Une partie du plus grand de ces soi-disant bactériophages a été maintenant trouvée dans l'intestin humain, où elles dévastent périodiquement des bactéries juste comme les manifestations saisonnières de grippe étendent des êtres humains bas, selon une étude neuve aboutie par l'Université de Californie, Berkeley, scientifiques.
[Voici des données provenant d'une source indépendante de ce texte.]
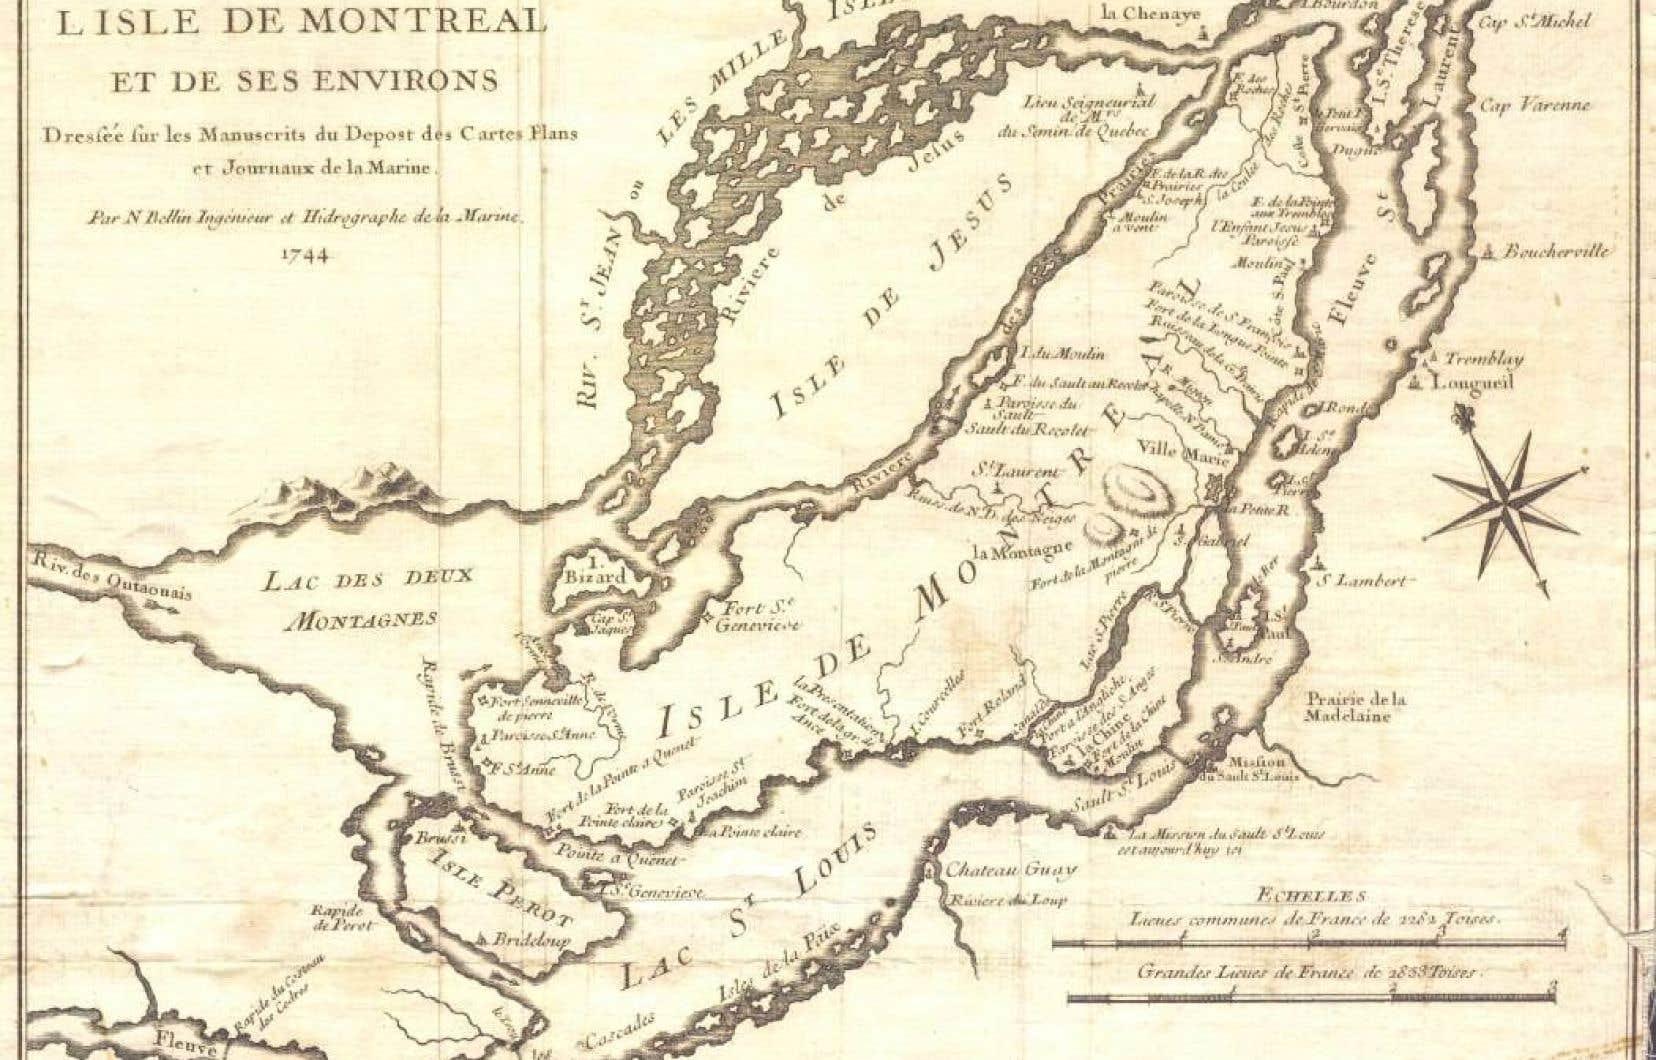 Carte de N. Bellin, ingénieur et hidrographe de la Marine (1744)

Ces « megaphages » -- ce qui ont des génomes environ 10 fois plus grandes que le bactériophage moyen et deux fois plus grand que le bactériophage a précédemment trouvé chez l'homme -- ont été trouvés dans le tube intestinal humain, mais seulement des êtres humains qui mangent un non-occidental, haut-fibre, régime carencée en matières grasses.

Révélateur, ils ont été également trouvés dans les intestins des babouins et d'un porc, expliquant que des bactériophages -- ce qui peut transporter les gènes qui affectent la santé des personnes -- peut déménager entre les êtres humains et les animaux et peut-être être porteur de la maladie.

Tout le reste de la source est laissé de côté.